El hombre fue creado niño pequeño, y en cuanto niño no estaba ejercitado ni habituado a la conducta perfecta. “Dios pudo ofrecer al hombre desde el principio la perfección, pero el hombre era incapaz de recibirla, porque era todavía un niño pequeño. Y por eso también nuestro Señor en los últimos tiempos, recapitulando en sí todas las cosas, vino a nosotros, no como podía hacerlo, sino tal como podíamos verle nosotros. Él podía haber venido a nosotros en su gloria inenarrable, pero nosotros no hubiéramos podido soportar la grandeza de su gloria. Y por eso, como a niños pequeños, el que era el Pan perfecto del Padre se nos ofreció como leche, para que criados al pecho y habituados por una tal lactancia a comer y beber al Verbo de Dios podamos guardar en nosotros mismos el Pan de la inmortalidad, que es el Espíritu del Padre” (Adv. haer. IV, 38,1).

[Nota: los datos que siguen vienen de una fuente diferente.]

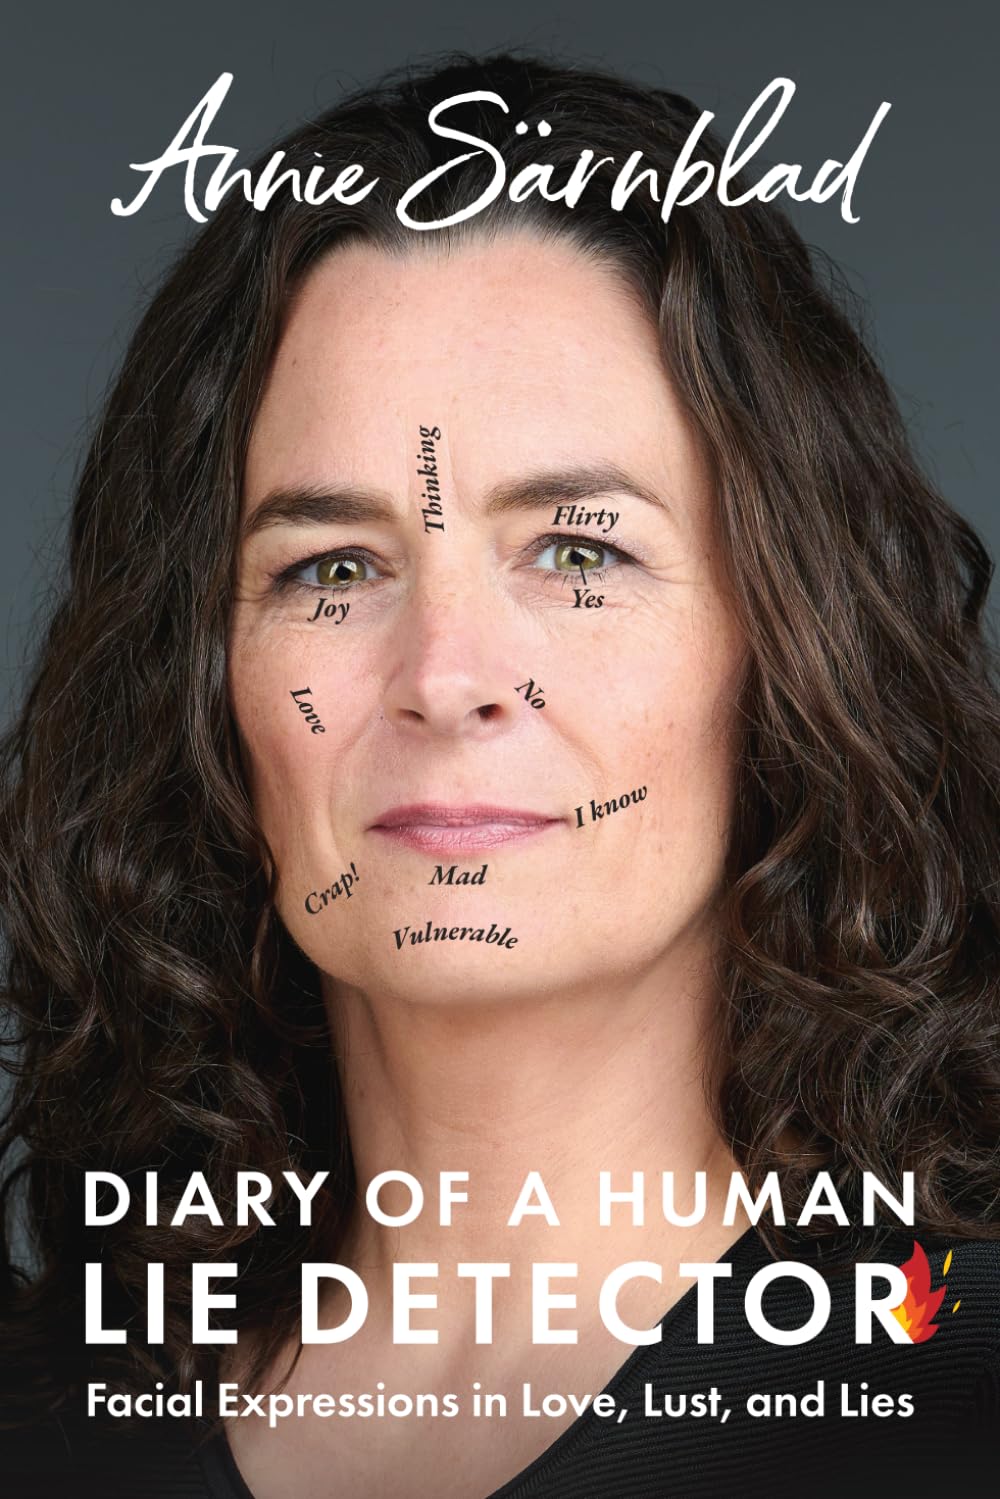 Diary of a Human Lie Detector: Facial Expressions in Love, Lust, and Lies by Sarnblad, Annie

“A fin de que el hombre no tuviera pensamientos de soberbia y cayera en orgullo, como si por la autoridad que le había sido concedida y por su libertad de trato con Dios ya no tuviera Señor alguno, y a fin de que no cayese en el error de ir más allá de sus propios límites y de que al complacerse en sí mismo no concibiera pensamientos de orgullo contra Dios, le fue dada por Dios una ley por la que reconociera que tenía como Señor al que era Señor de todas las cosas. Y Dios le impuso ciertos límites, de suerte que si observaba el mandato divino permanecería como era entonces, es decir, inmortal; pero si no lo observaba, se convertiría en mortal y se disolvería en la tierra de la que había sido tomada su carne al ser modelada… Pero el hombre no observó este mandato, sino que desobedeció a Dios. Fue el ángel quien le hizo perder el sentido, a causa de los celos y la envidia que sentía con respecto al hombre, por los múltiples dones que Dios le había otorgado; así provocó su propia ruina, e hizo del hombre un pecador, induciéndole a desobedecer el mandato de Dios” (Epideixis, 14-16).

Cristo se encarna para salvar al hombre, para reunirle con Dios, vuelto a la inocencia primaria que proclama el Evangelio, que es la madurez absoluta en el crecimiento a la imagen de Cristo. Ireneo, pues, es el primero en relacionar la creación con la redención y en orientarla cristológicamente, pues “la creación es empleada en beneficio del hombre: porque no es el hombre quien ha sido hecho para la creación, sino la creación para el hombre” (Adv. haer. V, 29,1). La economía de la redención realiza el designio primordial de Dios para la creación. Dios permitió el pecado para que sobreabundara la gracia, de modo que la imagen de Dios en el hombre destruida por el pecado sea restaurada mucho más gloriosa. Pecado y gracia vienen a componer una síntesis armoniosa (H. Rondent).